# Aim of the exercise:
Give the data below again exactly, and drop each picture from it.

# Information supplied:
--
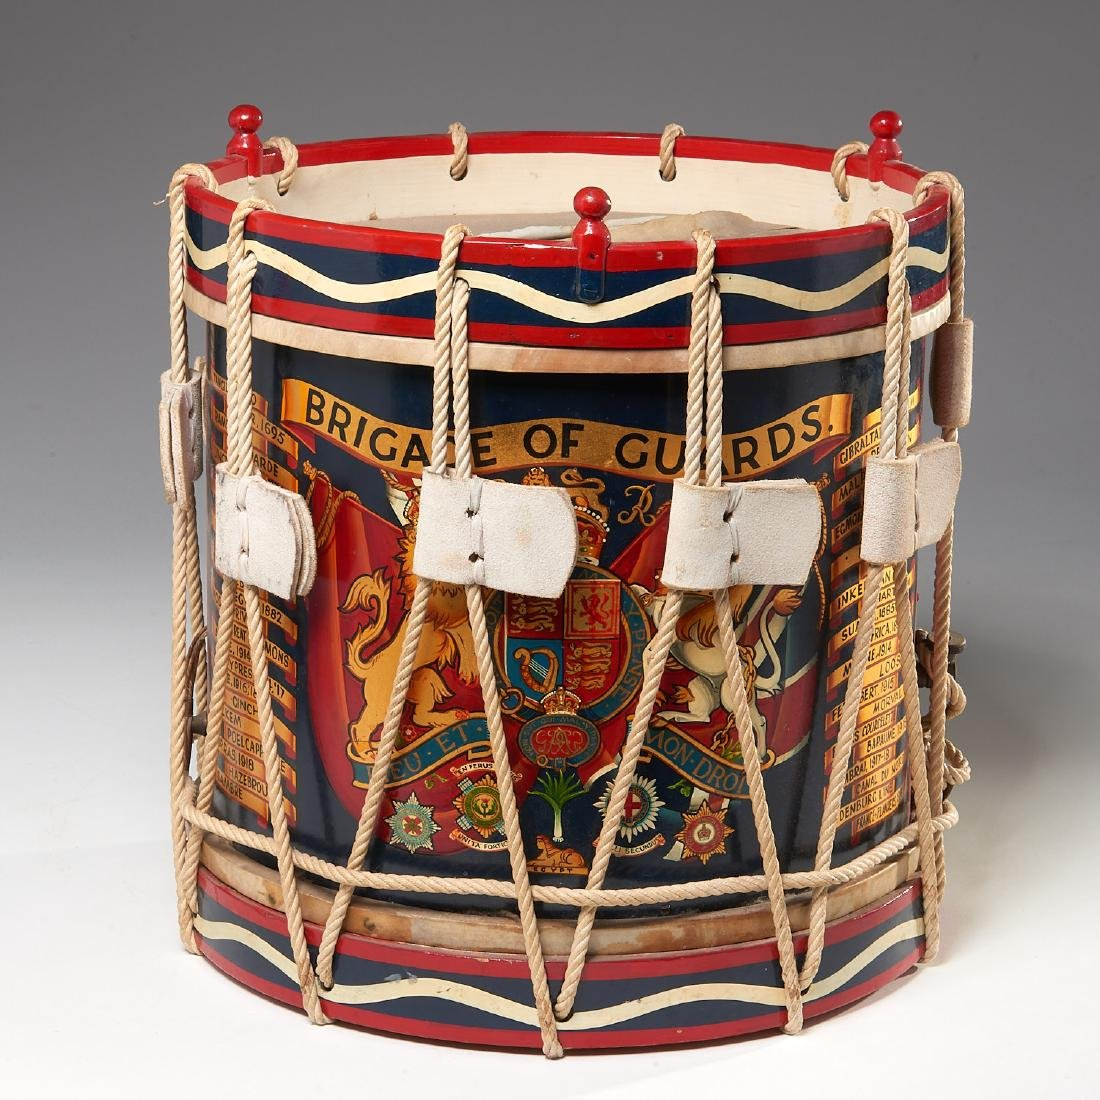 British Brigade of Guards ceremonial drum
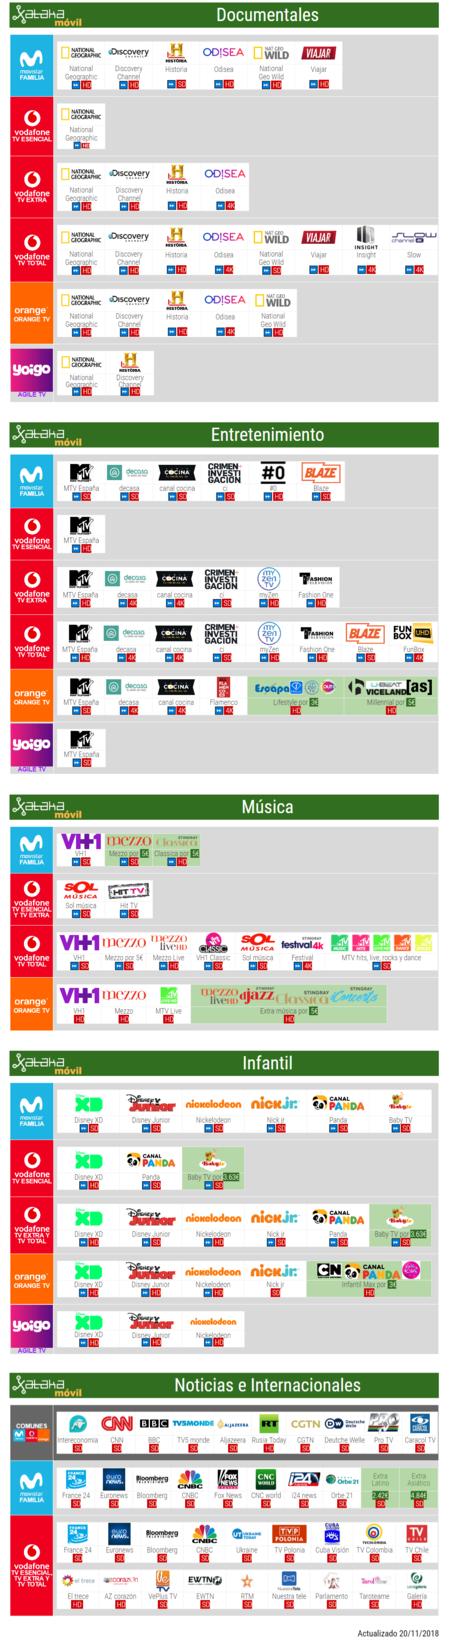 Comparativa Canales De Pago Infantiles Musica Noticias Con Movistar Vodafone Orange Yoigo Noviembre 2018 Octubre 2018
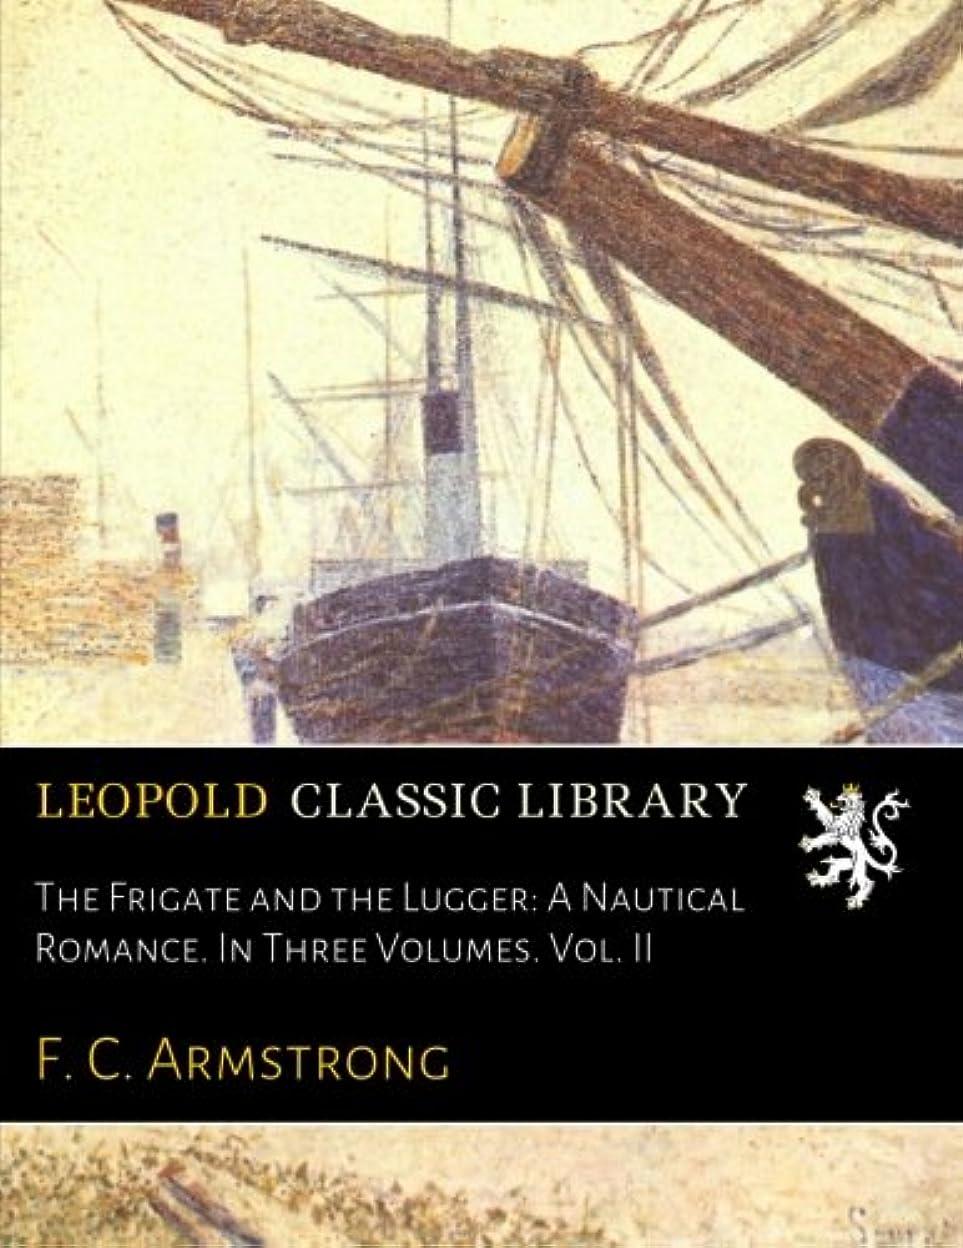 蜜なんでも生きているThe Frigate and the Lugger: A Nautical Romance. In Three Volumes. Vol. II
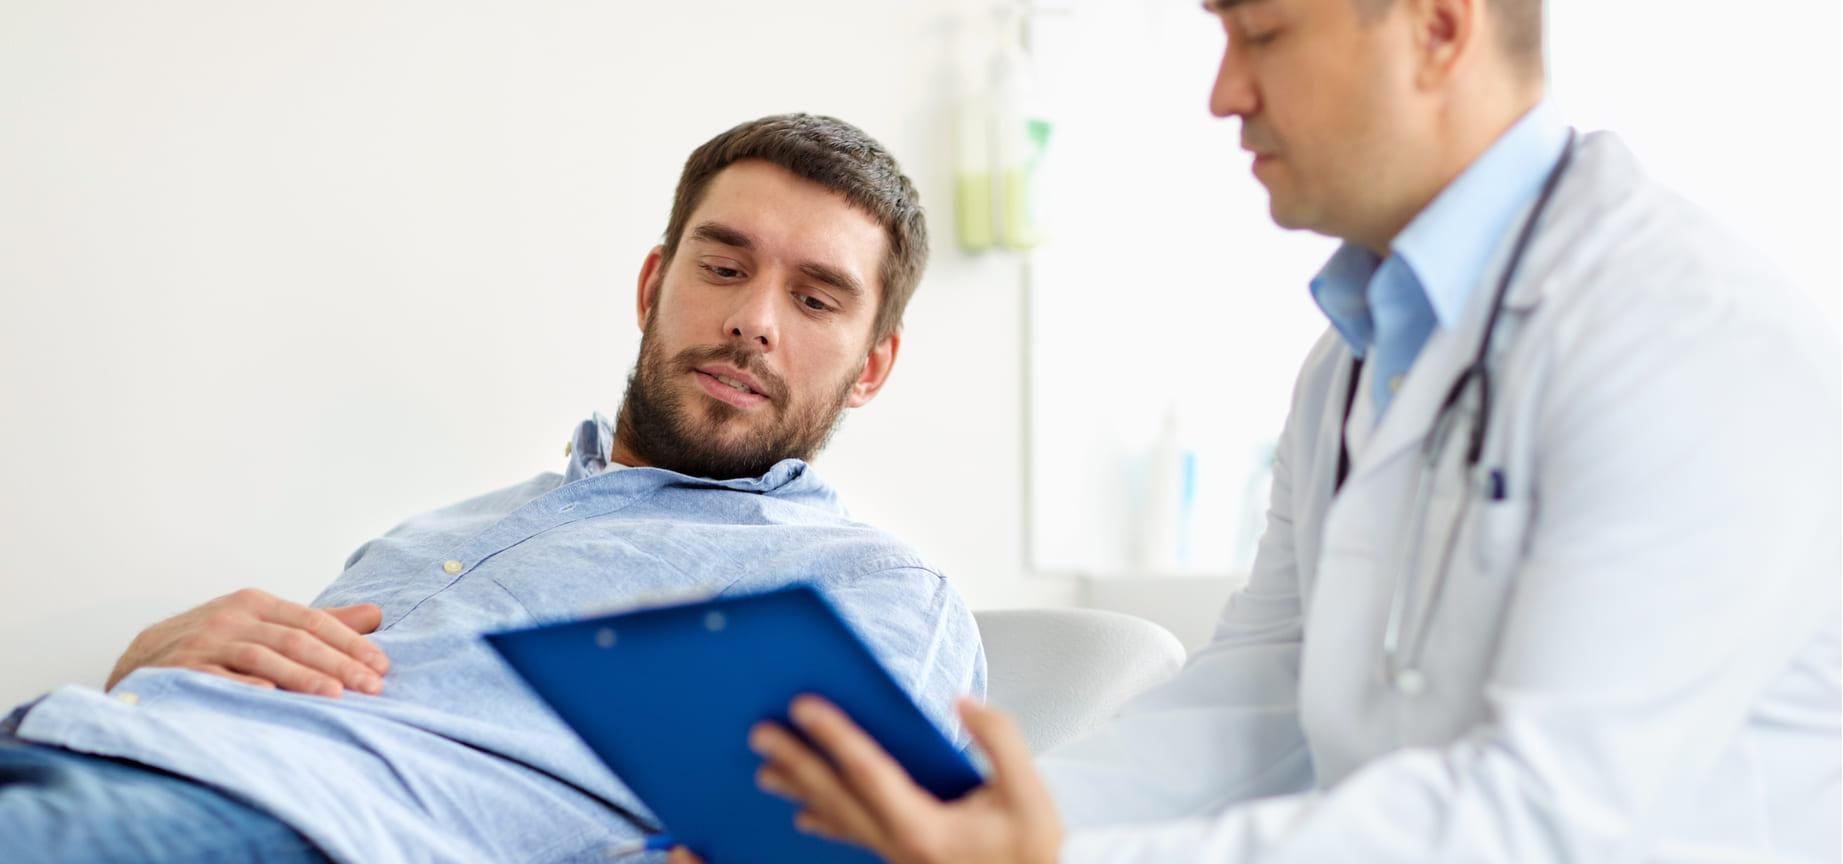 Conoce los riesgos de la enfermedad arterial periférica
--
# The completed task:
 British Brigade of Guards ceremonial drum
 Comparativa Canales De Pago Infantiles Musica Noticias Con Movistar Vodafone Orange Yoigo Noviembre 2018 Octubre 2018
 蜜なんでも生きているThe Frigate and the Lugger: A Nautical Romance. In Three Volumes. Vol. II
 Conoce los riesgos de la enfermedad arterial periférica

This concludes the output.